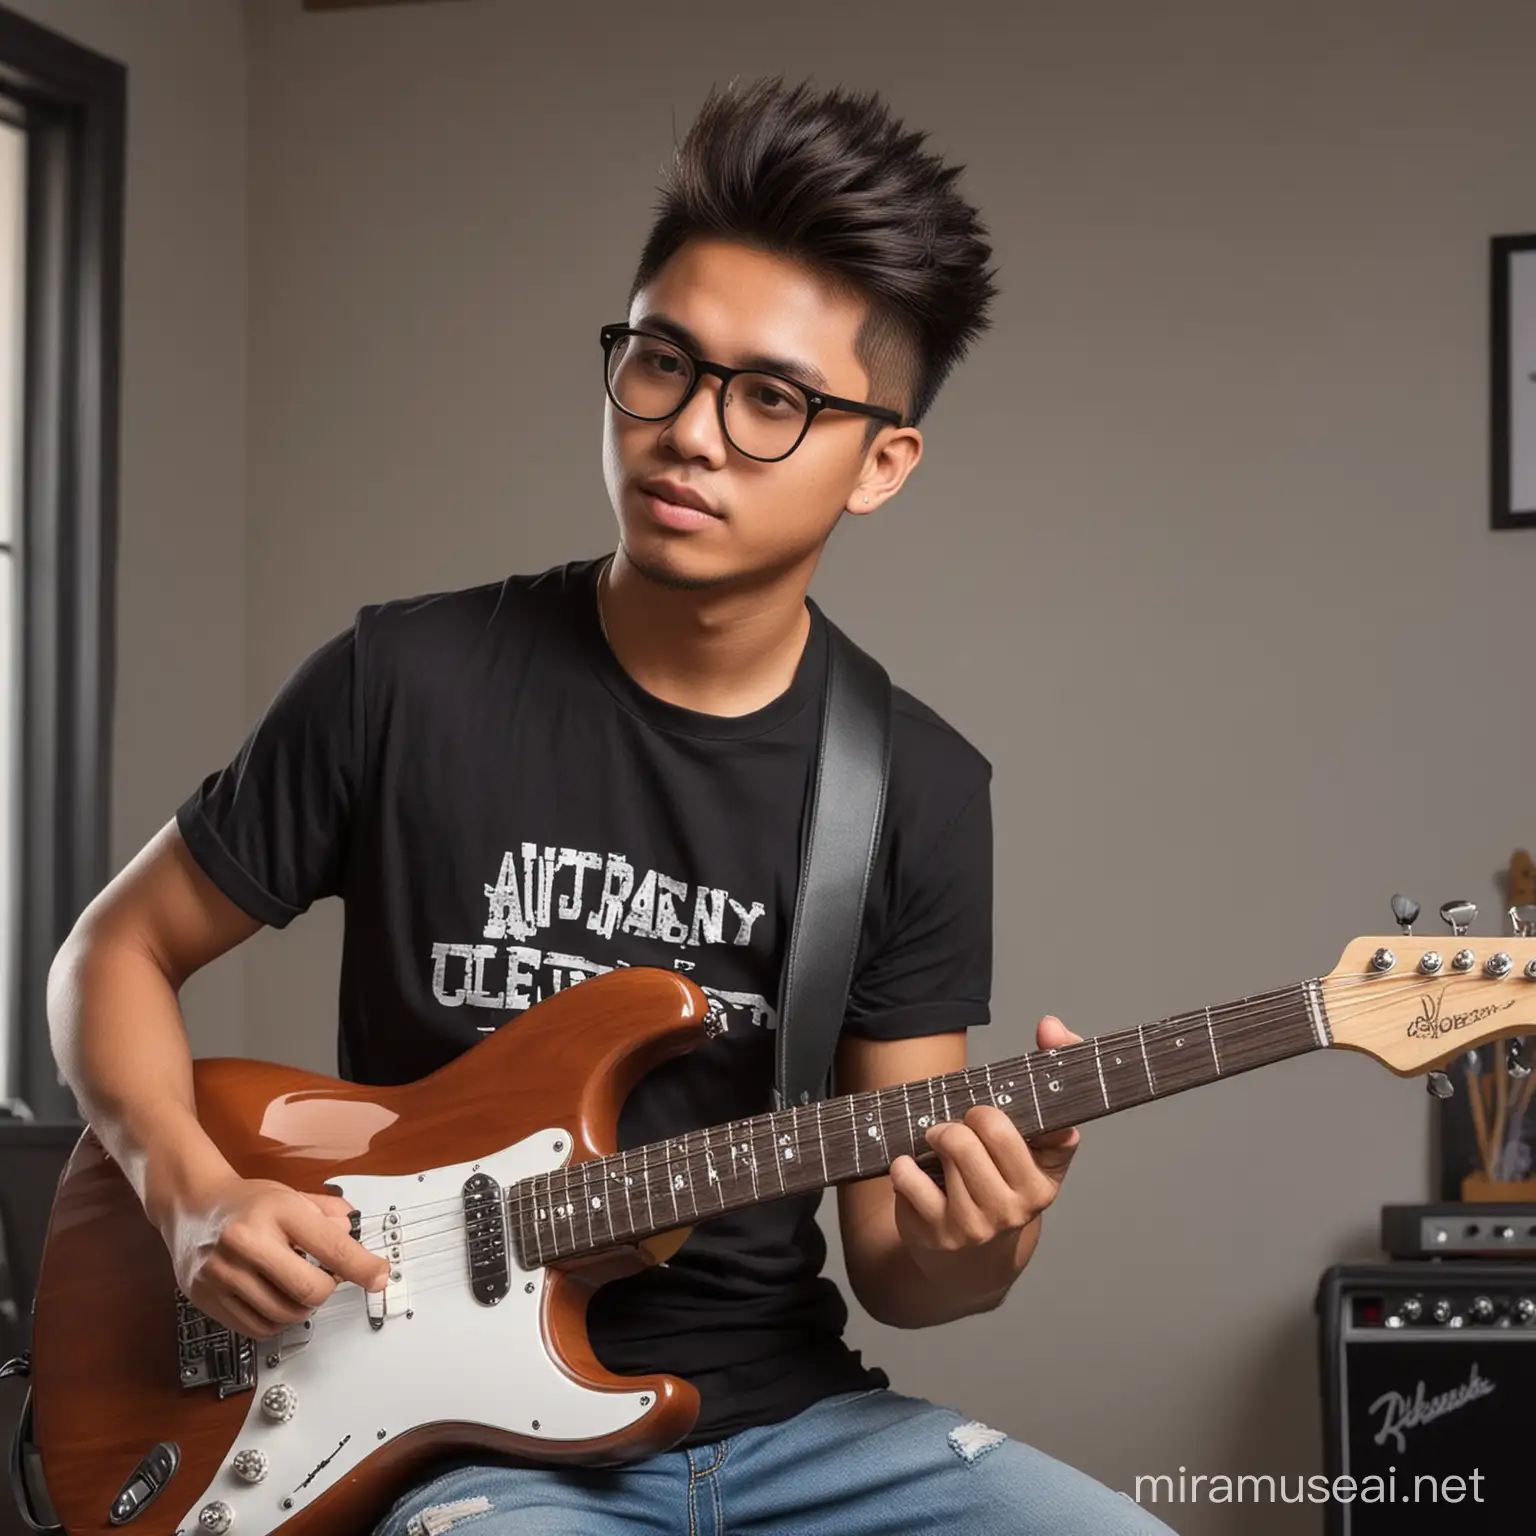 Handsome Filipino Teenager Playing Electric Guitar in Music Room
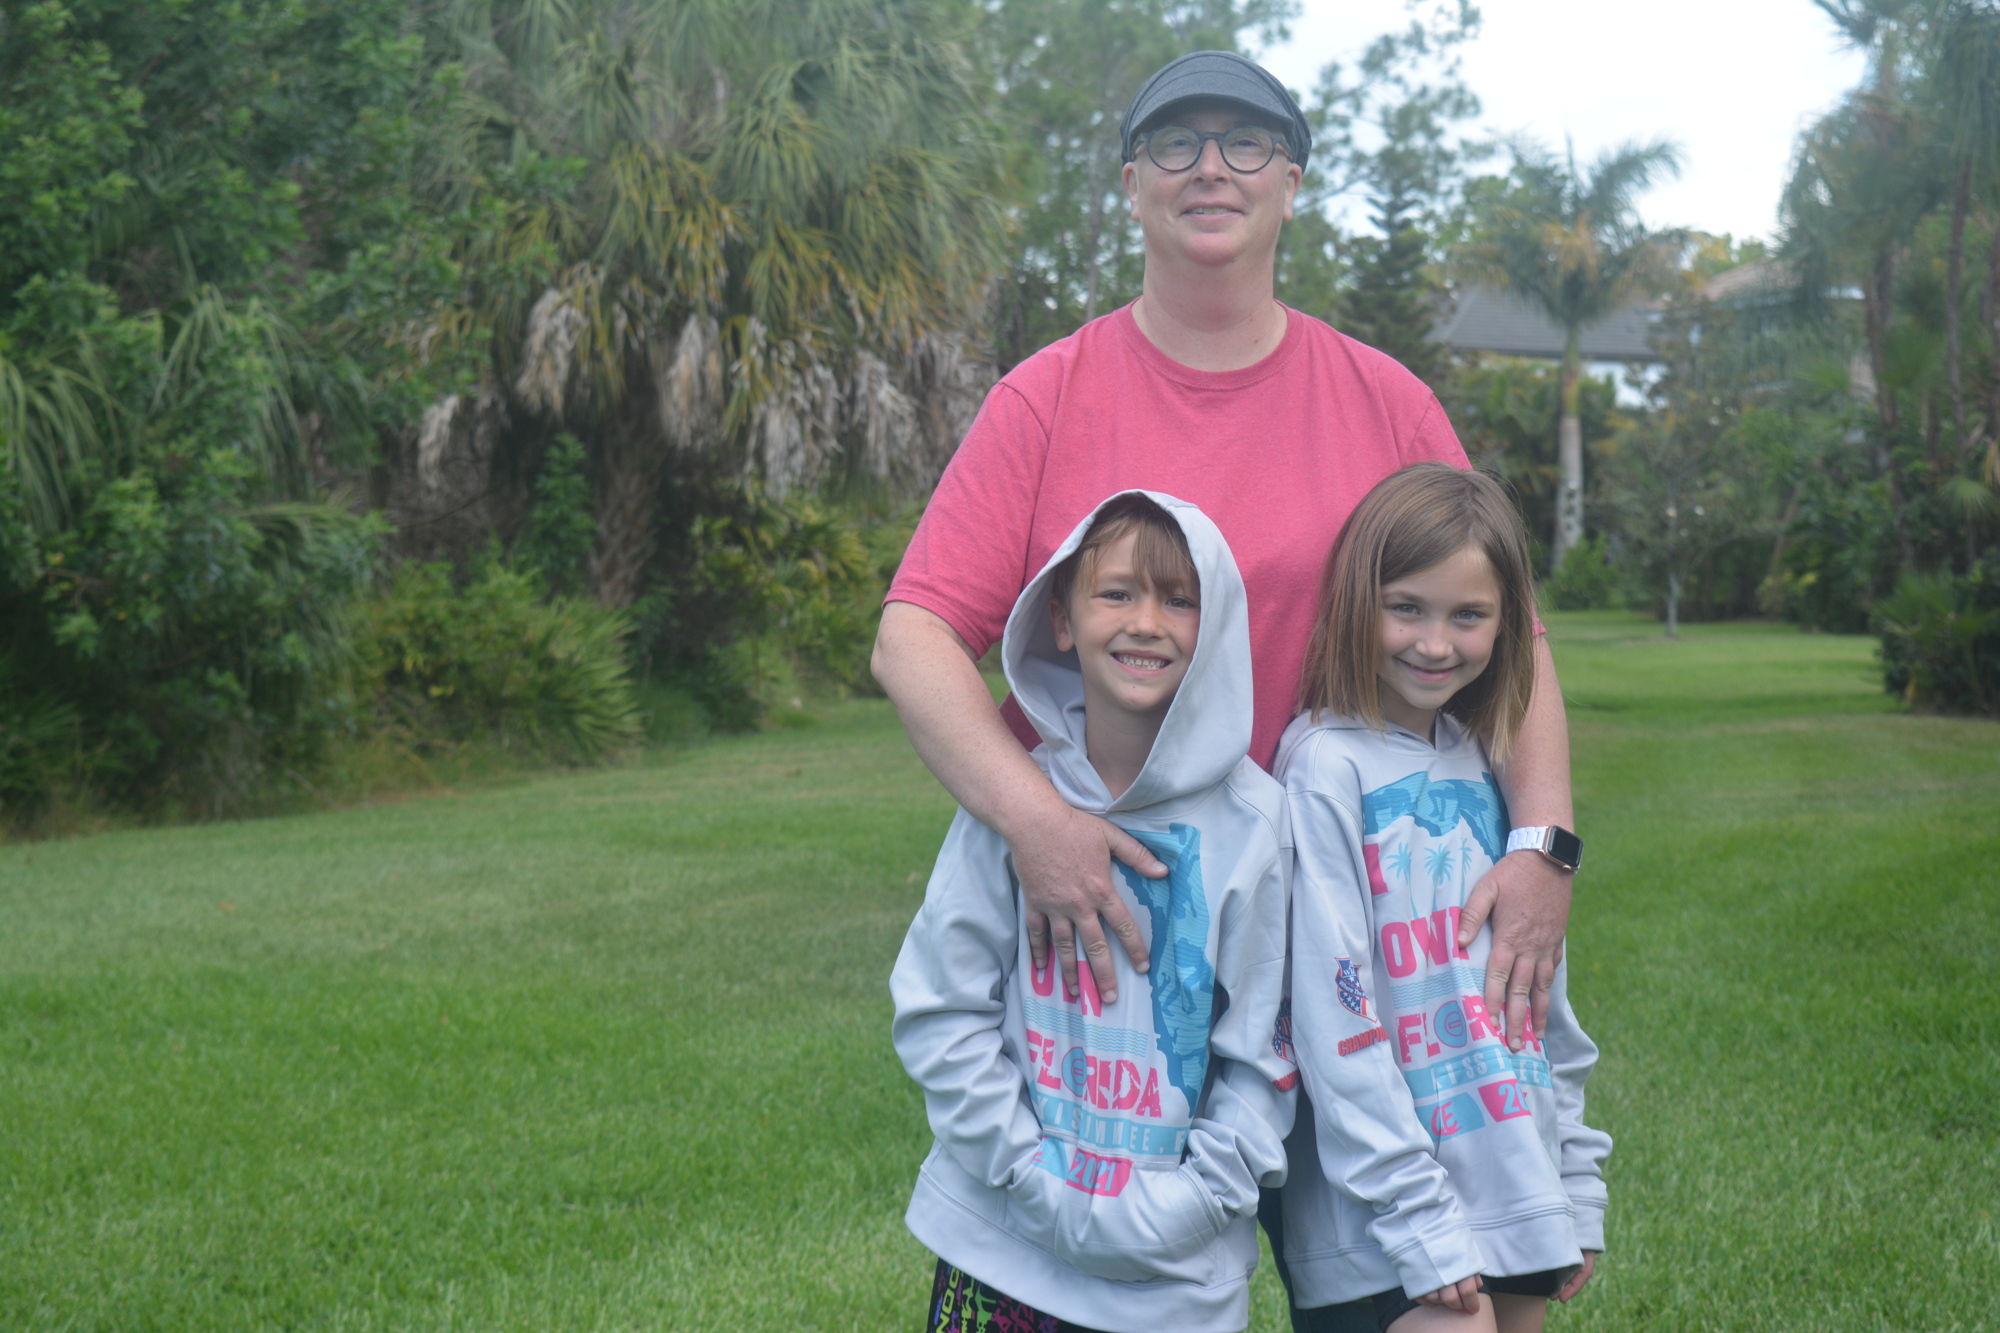 Christin Perkinson (middle) has stayed strong through her breast cancer diagnosis thanks to the supports of her kids, Ellie Perkinson and Isaac Perkinson. Isaac is raising money for the Pin Cancer Nationals wrestling tournament.
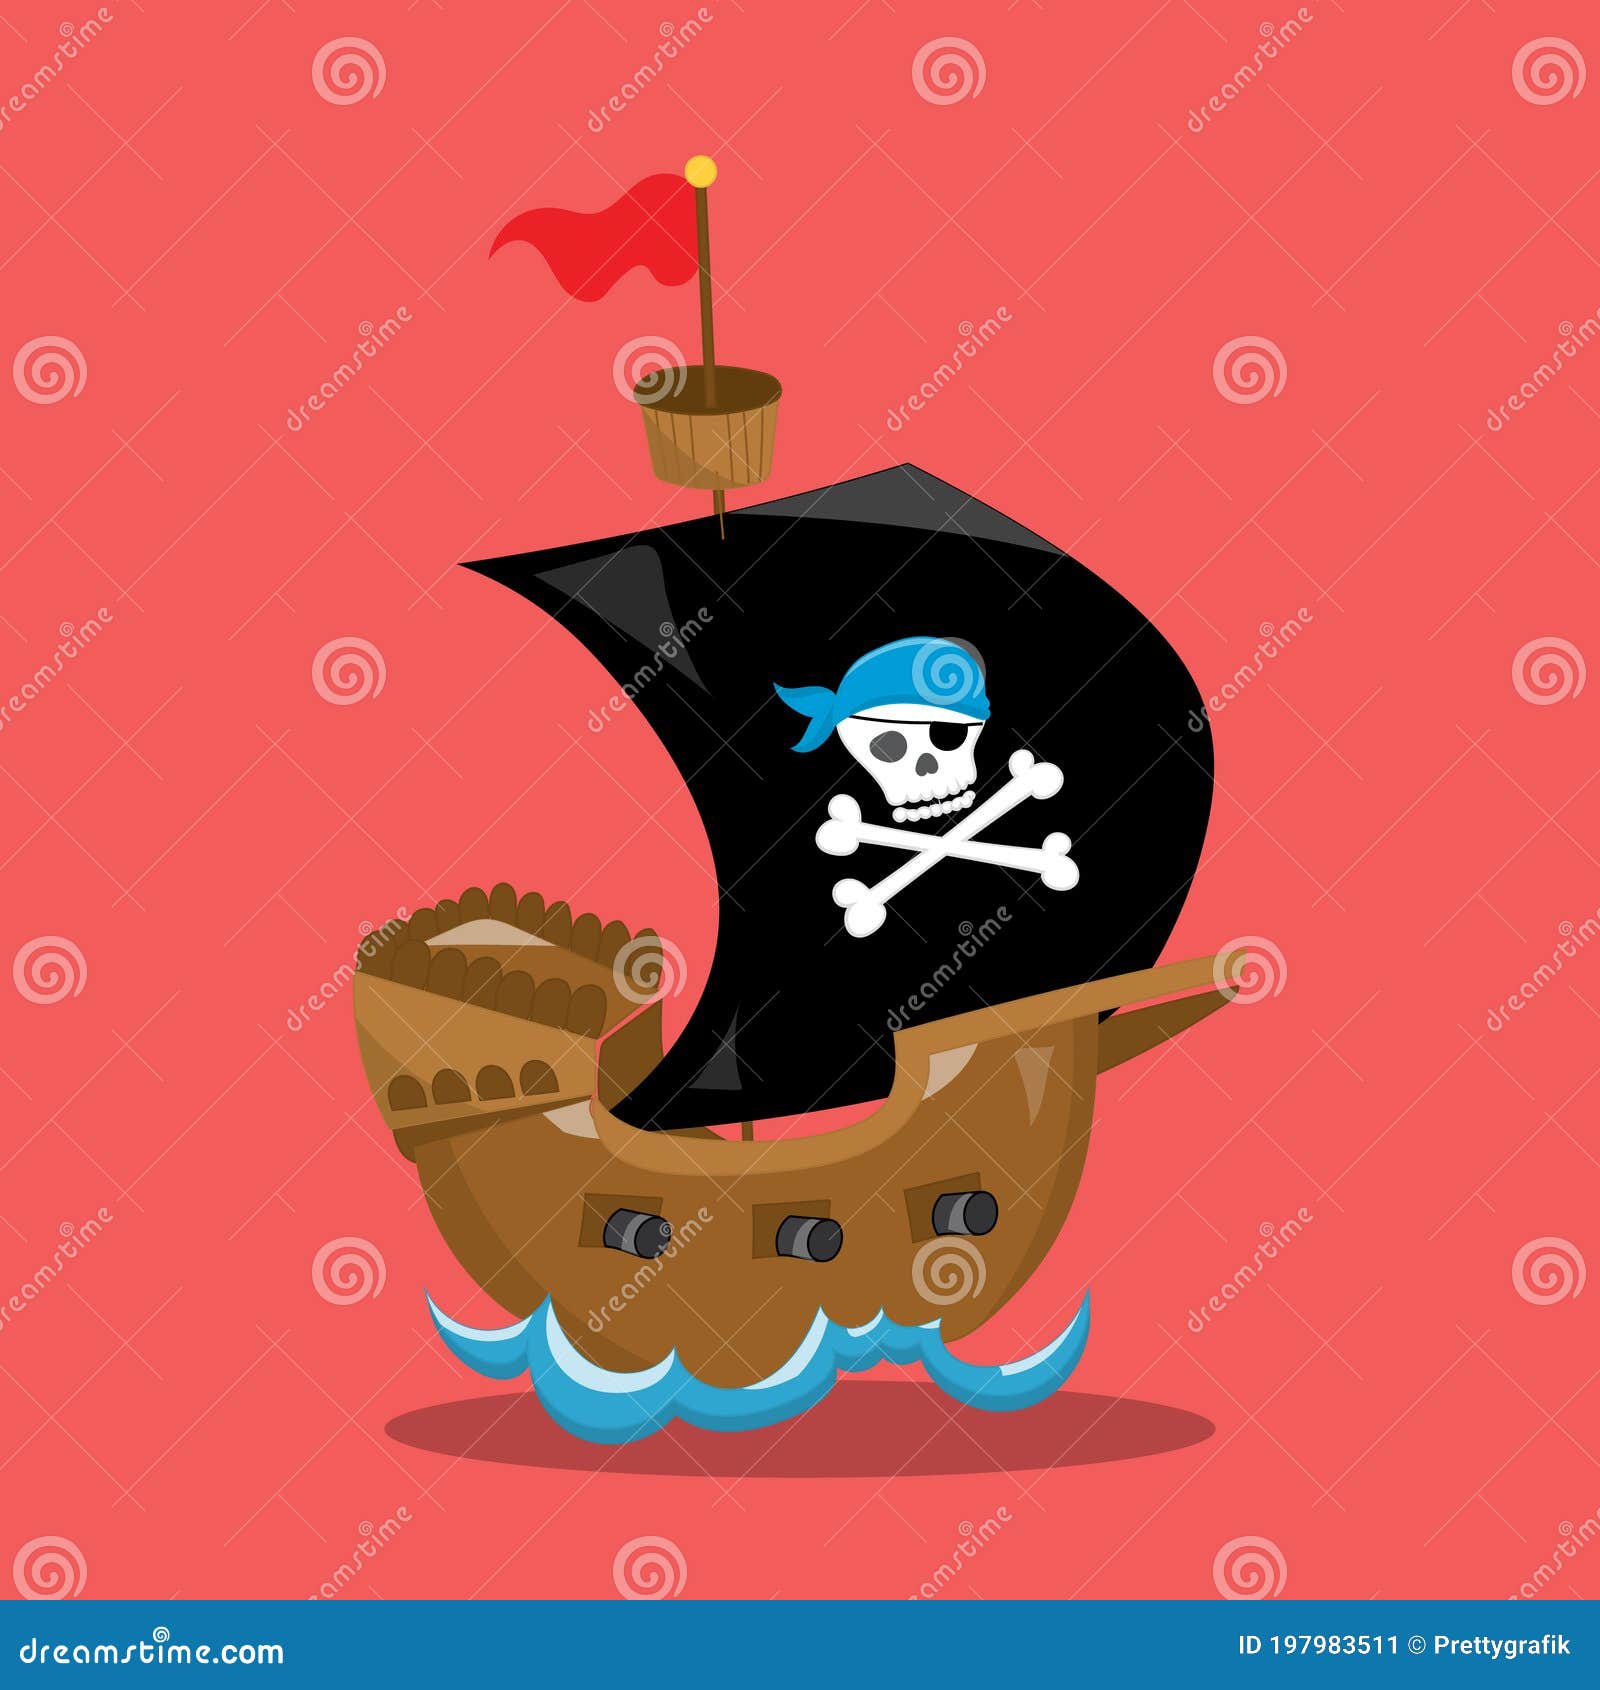 CUTE PIRATE SHIP 07 stock vector. Illustration of graphic - 197983511

*PROBLEM TO WORK ON:*
Write the listing out in full, exactly; no images.

*SOLUTION FOR THIS EXERCISE:*
 Handsome Filipino Teenager Playing Electric Guitar in Music Room
 Christin Perkinson (middle) has stayed strong through her breast cancer diagnosis thanks to the supports of her kids, Ellie Perkinson and Isaac Perkinson. Isaac is raising money for the Pin Cancer Nationals wrestling tournament.
 CUTE PIRATE SHIP 07 stock vector. Illustration of graphic - 197983511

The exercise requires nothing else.